00:20 On va évoquer maintenant les agressions sexuelles sur de très jeunes femmes,
00:24 on parle de 14-15 ans.
00:25 À la lumière de ce que l'on découvre, de ce qui se déroule dans le cinéma français,
00:29 l'actrice Judith Godrej qui porte plainte,
00:32 il y a aussi énormément d'affaires qui ont été ainsi rendues publiques.
00:36 On est avec maître Isabelle Steyer, bonsoir,
00:38 vous êtes avocate spécialiste de violences conjugales.
00:41 Eva Darlan également est en ligne, actrice, comédienne.
00:44 Merci beaucoup d'être avec nous,
00:46 parce que c'est important d'avoir votre témoignage ce soir.

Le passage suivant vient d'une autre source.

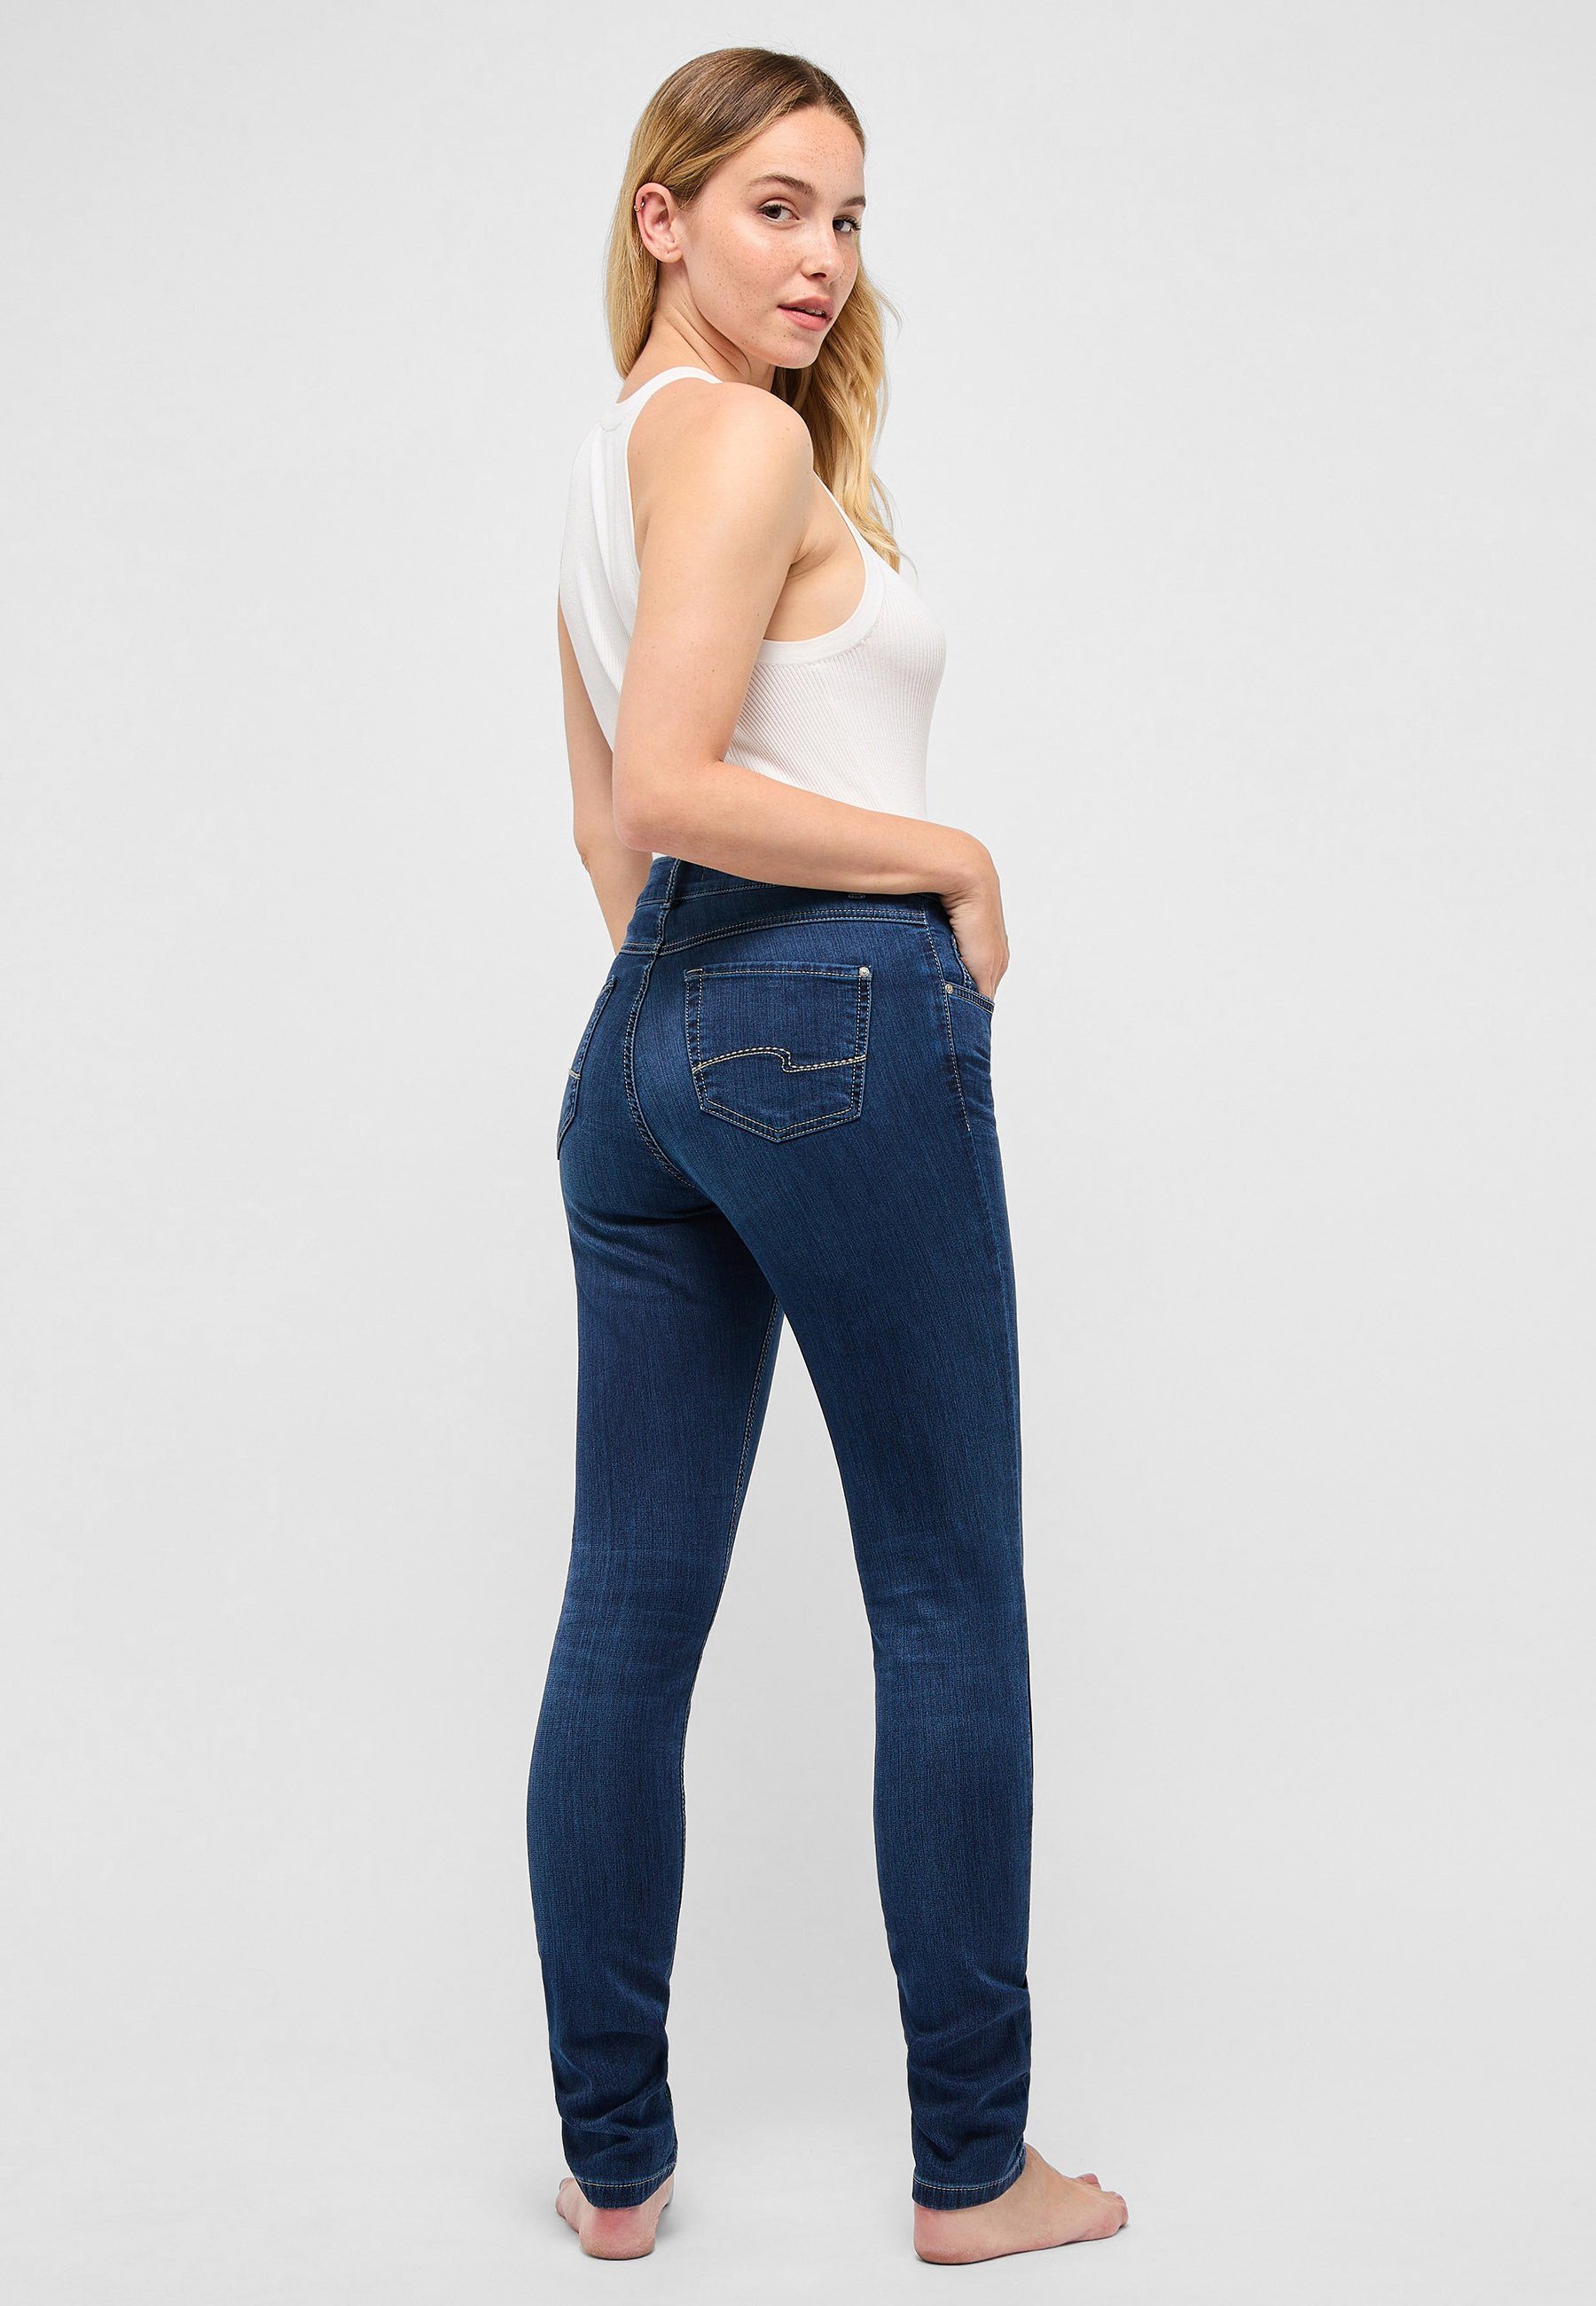 mit mit unifarbenem Stoff Skinny-fit-Jeans Skinny Label-Applikationen Slim-fit-Jeans dunkelblau ANGELS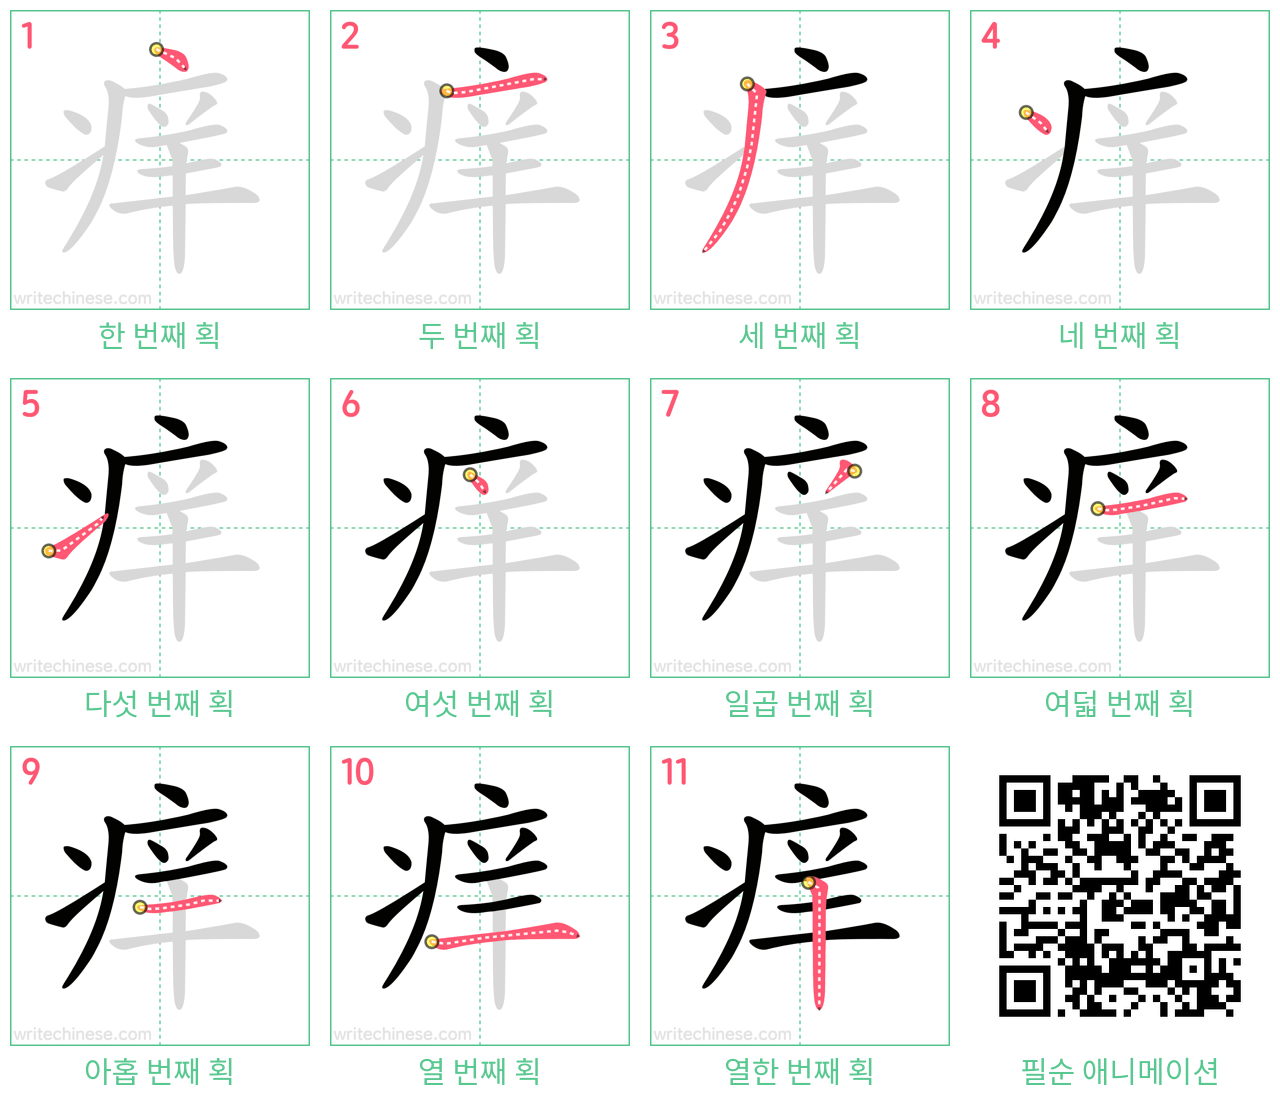 痒 step-by-step stroke order diagrams

00:48 On va juste faire le point d'abord sur ce que dit aujourd'hui
00:51 l'actrice Judith Godrej avec une authenticité,
00:54 une dignité absolument incroyable dans les mots qu'elle emploie.
00:58 Et le parquet de Paris qui a ouvert une enquête à la suite de sa plainte.
01:01 Explication Camille Guédon.
01:02 C'est la première fois que Judith Godrej s'exprime
01:06 après le dépôt de sa plainte contre deux réalisateurs.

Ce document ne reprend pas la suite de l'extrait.